The task:
An image-free reproduction of the data below is needed: print it exactly.

Collected data:
# # # # # # #
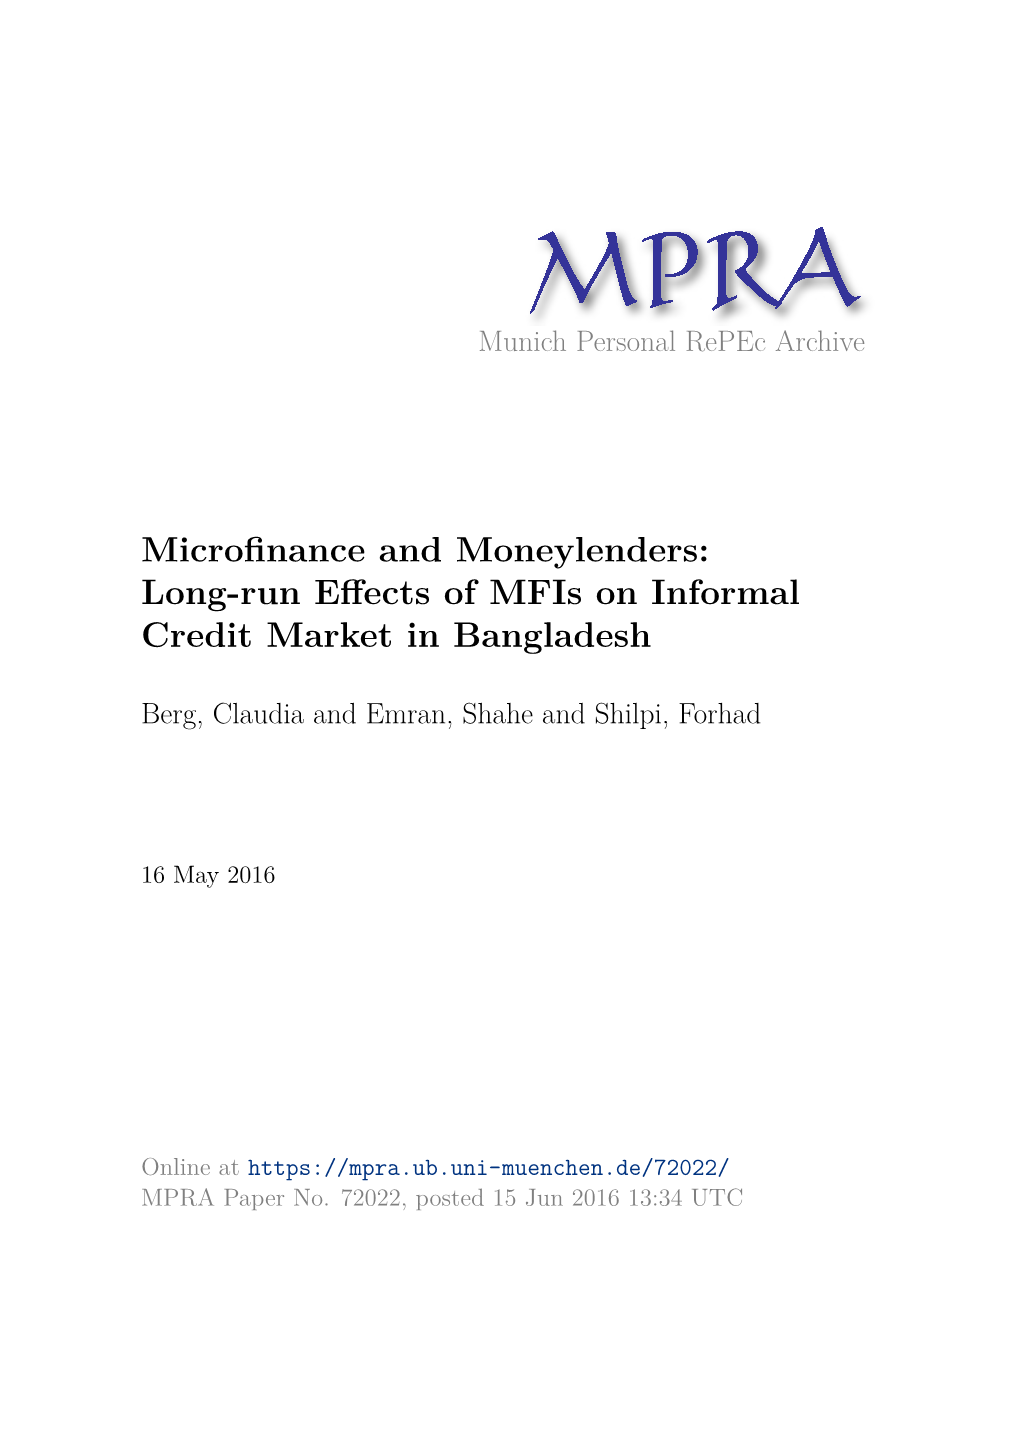 Microfinance and Moneylenders: Long-Run Effects of Mfis on Informal Credit Market in Bangladesh
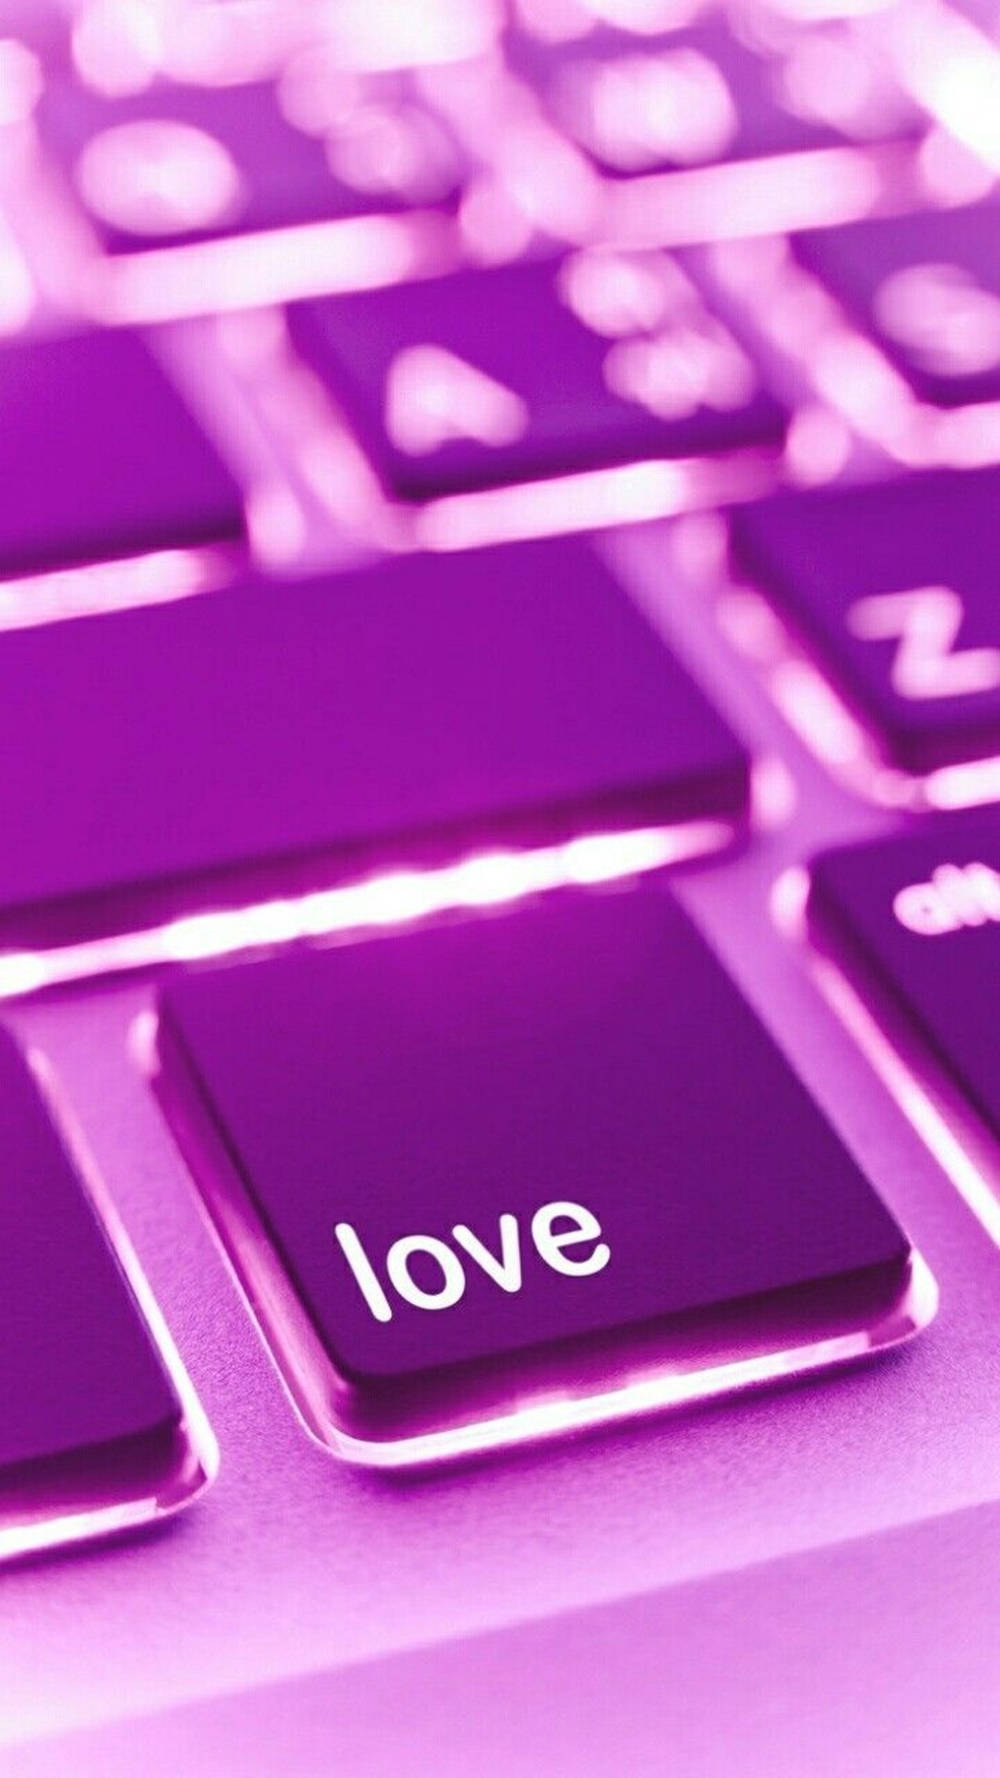 MacBook Love Keyboard Aesthetic Wallpaper
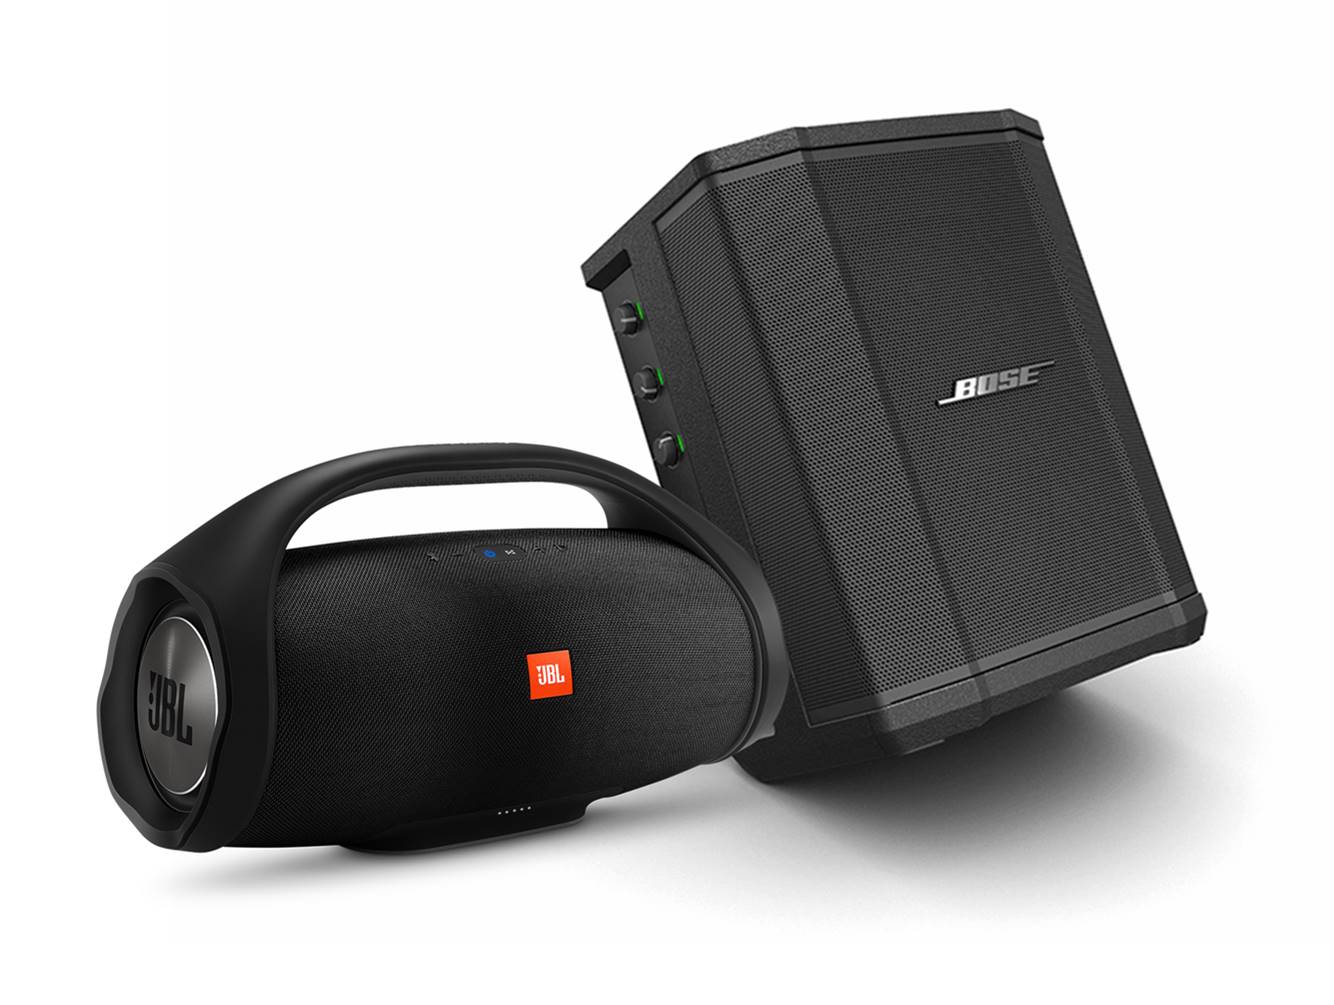 verlies uzelf straal emmer Bose S1 Pro vs JBL Boombox – Which is the better speaker?
# # # # # # #
Written solution:
 Microfinance and Moneylenders: Long-Run Effects of Mfis on Informal Credit Market in Bangladesh
 MacBook Love Keyboard Aesthetic Wallpaper
 verlies uzelf straal emmer Bose S1 Pro vs JBL Boombox – Which is the better speaker?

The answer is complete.